* [THE TASK]: Using the entries that follow, write out the line containing "Snart kan du", the line containing "Phối cảnh mặt", and every line between them, exactly and nothing else.

Segment Start: DATA LISTING

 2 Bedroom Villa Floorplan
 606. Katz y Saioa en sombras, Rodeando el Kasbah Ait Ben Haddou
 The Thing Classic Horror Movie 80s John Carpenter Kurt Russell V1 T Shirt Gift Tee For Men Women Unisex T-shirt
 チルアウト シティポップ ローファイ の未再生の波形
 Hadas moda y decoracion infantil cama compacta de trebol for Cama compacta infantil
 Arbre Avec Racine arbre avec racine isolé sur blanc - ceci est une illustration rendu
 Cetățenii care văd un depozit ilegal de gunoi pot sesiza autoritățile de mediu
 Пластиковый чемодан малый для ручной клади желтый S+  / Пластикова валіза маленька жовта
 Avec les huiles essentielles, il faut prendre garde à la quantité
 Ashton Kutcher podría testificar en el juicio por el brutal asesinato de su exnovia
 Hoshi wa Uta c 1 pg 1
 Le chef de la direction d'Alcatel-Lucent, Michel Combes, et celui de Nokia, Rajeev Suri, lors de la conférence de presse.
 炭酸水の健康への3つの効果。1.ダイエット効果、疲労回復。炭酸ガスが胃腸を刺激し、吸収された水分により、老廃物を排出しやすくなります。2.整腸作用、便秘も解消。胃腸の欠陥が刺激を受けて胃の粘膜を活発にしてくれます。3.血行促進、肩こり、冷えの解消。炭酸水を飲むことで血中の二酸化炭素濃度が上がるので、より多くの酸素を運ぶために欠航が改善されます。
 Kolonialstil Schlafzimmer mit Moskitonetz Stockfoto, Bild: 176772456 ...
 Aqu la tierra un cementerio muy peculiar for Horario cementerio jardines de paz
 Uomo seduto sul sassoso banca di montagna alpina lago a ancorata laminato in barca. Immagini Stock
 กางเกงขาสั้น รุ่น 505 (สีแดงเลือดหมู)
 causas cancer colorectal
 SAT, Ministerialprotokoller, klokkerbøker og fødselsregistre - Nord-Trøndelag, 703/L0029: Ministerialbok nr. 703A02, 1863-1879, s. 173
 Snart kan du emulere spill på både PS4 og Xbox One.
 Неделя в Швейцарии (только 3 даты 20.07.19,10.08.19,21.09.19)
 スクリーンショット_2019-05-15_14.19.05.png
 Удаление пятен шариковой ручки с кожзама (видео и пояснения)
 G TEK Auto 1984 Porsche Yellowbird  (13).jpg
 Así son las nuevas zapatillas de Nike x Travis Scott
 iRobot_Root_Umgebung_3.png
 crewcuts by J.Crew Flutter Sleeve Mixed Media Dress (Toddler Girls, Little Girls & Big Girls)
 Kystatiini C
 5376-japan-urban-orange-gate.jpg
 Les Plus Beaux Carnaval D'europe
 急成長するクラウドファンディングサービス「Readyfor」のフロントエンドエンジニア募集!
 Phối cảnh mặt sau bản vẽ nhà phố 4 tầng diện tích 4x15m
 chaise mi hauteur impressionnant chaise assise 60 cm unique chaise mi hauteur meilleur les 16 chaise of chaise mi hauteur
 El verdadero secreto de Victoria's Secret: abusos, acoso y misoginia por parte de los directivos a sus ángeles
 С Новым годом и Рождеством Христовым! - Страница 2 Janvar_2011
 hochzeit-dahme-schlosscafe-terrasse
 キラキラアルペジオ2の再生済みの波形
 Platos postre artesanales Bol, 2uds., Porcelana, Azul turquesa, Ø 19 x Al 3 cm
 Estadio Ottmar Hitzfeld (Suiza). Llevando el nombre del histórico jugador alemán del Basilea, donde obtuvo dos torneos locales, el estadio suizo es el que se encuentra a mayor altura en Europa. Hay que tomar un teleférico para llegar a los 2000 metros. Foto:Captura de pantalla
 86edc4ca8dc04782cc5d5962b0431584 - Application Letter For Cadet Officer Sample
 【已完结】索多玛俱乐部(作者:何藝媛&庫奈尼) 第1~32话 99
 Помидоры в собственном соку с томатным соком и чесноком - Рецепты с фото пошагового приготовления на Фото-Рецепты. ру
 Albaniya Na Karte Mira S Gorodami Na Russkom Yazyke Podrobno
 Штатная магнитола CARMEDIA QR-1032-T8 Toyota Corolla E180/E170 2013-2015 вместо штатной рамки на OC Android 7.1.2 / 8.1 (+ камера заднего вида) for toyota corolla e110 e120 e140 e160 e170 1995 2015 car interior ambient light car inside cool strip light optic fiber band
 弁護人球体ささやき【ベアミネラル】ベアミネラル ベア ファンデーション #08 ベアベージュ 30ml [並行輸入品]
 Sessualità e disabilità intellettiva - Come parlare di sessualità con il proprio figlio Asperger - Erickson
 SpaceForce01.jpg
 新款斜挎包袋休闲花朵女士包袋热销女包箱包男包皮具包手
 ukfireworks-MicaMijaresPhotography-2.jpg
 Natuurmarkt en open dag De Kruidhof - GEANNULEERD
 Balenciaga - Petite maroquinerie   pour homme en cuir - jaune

Segment End: DATA LISTING

* [WRITTEN ANSWER]:
 Snart kan du emulere spill på både PS4 og Xbox One.
 Неделя в Швейцарии (только 3 даты 20.07.19,10.08.19,21.09.19)
 スクリーンショット_2019-05-15_14.19.05.png
 Удаление пятен шариковой ручки с кожзама (видео и пояснения)
 G TEK Auto 1984 Porsche Yellowbird  (13).jpg
 Así son las nuevas zapatillas de Nike x Travis Scott
 iRobot_Root_Umgebung_3.png
 crewcuts by J.Crew Flutter Sleeve Mixed Media Dress (Toddler Girls, Little Girls & Big Girls)
 Kystatiini C
 5376-japan-urban-orange-gate.jpg
 Les Plus Beaux Carnaval D'europe
 急成長するクラウドファンディングサービス「Readyfor」のフロントエンドエンジニア募集!
 Phối cảnh mặt sau bản vẽ nhà phố 4 tầng diện tích 4x15m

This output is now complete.